A disappointing holiday season punctuated the end of the year, with overall global sales dropping 6.3 percent when compared to the previous year’s final quarter. In real terms, that’s only a drop to 403.5 million units from the 430.7 million units shipped in the final months of 2016, but it paints a worrying trend for the mobile phone magnates at the top of the totem pole. Despite 2017 seeing some of the most gorgeous smartphones that we’ve ever seen, with powerful internal components and bezel-less designs that pushed style through the roof, it seems that consumers are reacting against the concurrent trend that saw prices rise, with the iPhone X — one of the year’s most anticipated phones — topping the scales at $1,000.
“The latest flock of posh flagships may have had consumers hitting the pause button in the holiday quarter,” said Anthony Scarsella, research manager for Mobile Phones at IDC. “With ultra-high-end flagships all the rage in 2017, many of these new bezel-less wonders proved to be more of a luxury than a necessity among upgraders […] the new and higher price points could be outweighing the benefits of having the latest and greatest device in hand.”
The end result of this consumer hesitation seems to be an increase in interest for older, slightly cheaper flagships. Interestingly, analysts had previously predicted this trend in December, when sales of the iPhone X turned out to be less than expected.
Despite the setback for the ultra-premium flagship and lower sales than the previous year, Apple still had a good quarter, beating Samsung to the top spot in overall smartphone sales for the fourth quarter. Shipping 77.3 million units compared to Samsung’s 74.1 million, Apple heads into 2018 in a good position, despite rumors that it will be retiring the iPhone X in the summer.
Still, Samsung won’t be too upset, as it leaves 2017 with a grand total of 317.3 million shipments over the entire year, easily beating second-place Apple’s total of 215.8 million units.
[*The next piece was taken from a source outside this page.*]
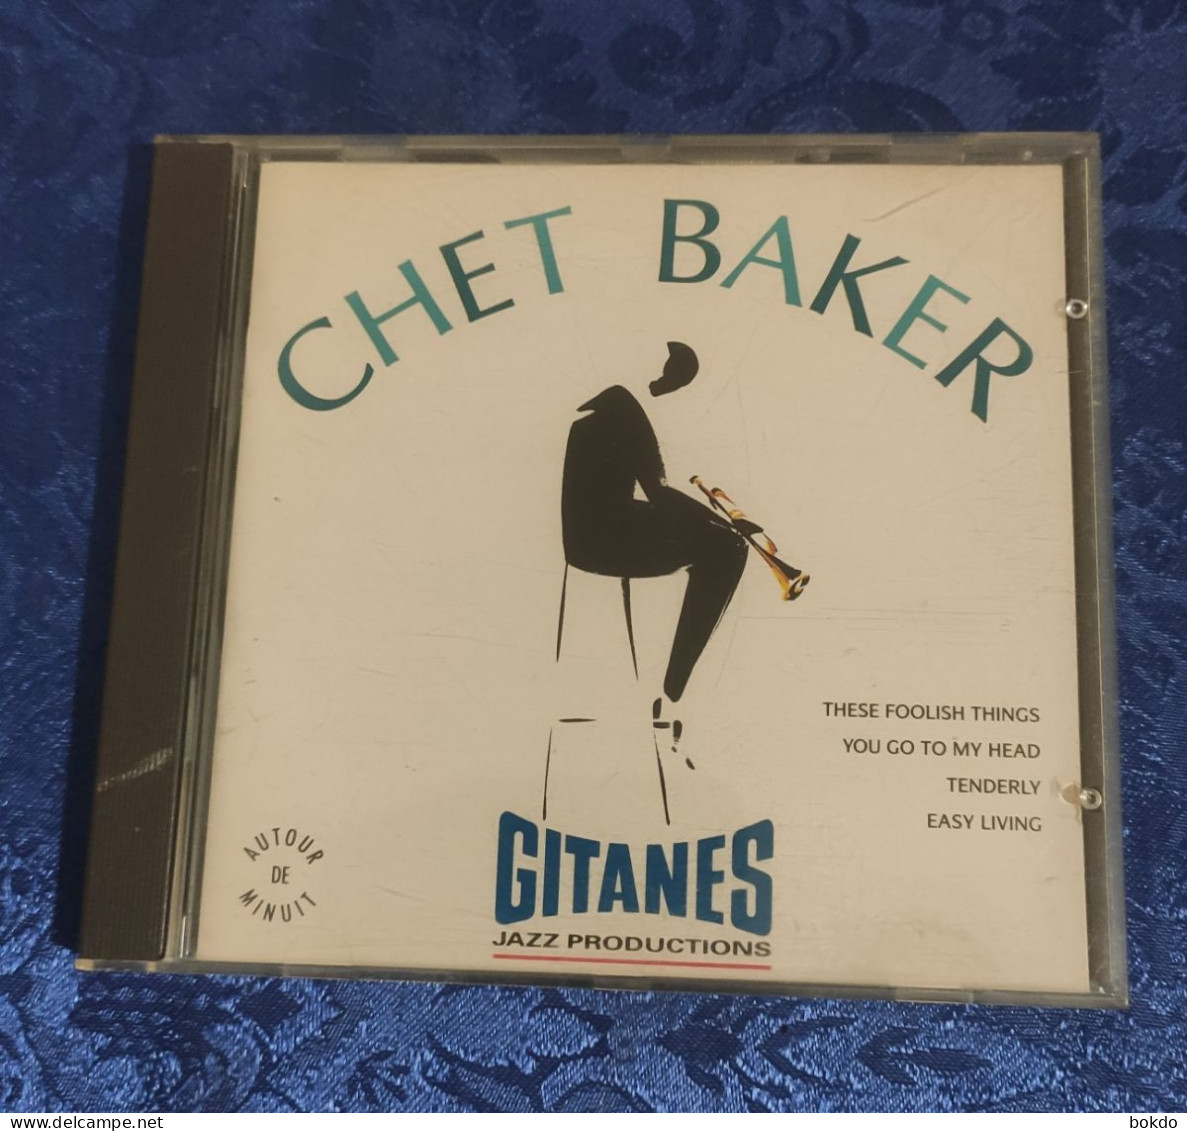 CHET BAKER - Gitanes - Jazz Productions - Altri - Inglese

Chinese brands Huawei, Xiaomi, and Oppo come in at third, fourth, and fifth respectively, with Xiaomi in particular seeing a massive 96.9-percent growth over last year’s fourth quarter — the only phone manufacturer in the top five to successfully increase their global sales in the same period. Still, with 28.1 million units sold, it has a long way to go to beat Huawei’s 41 million-unit mark.
In terms of overall smartphone sales for 2017, we’ve seen a very small decline, year-on-year as global sales dropped from 1,473.4 million units to 1,472.4 million units — a fall of 0.1-percent. While it’s barely an official drop, the news that premium flagship handsets with the latest features are failing to attract consumers may well be a rude awakening for those companies who have let prices rise and rise over the year.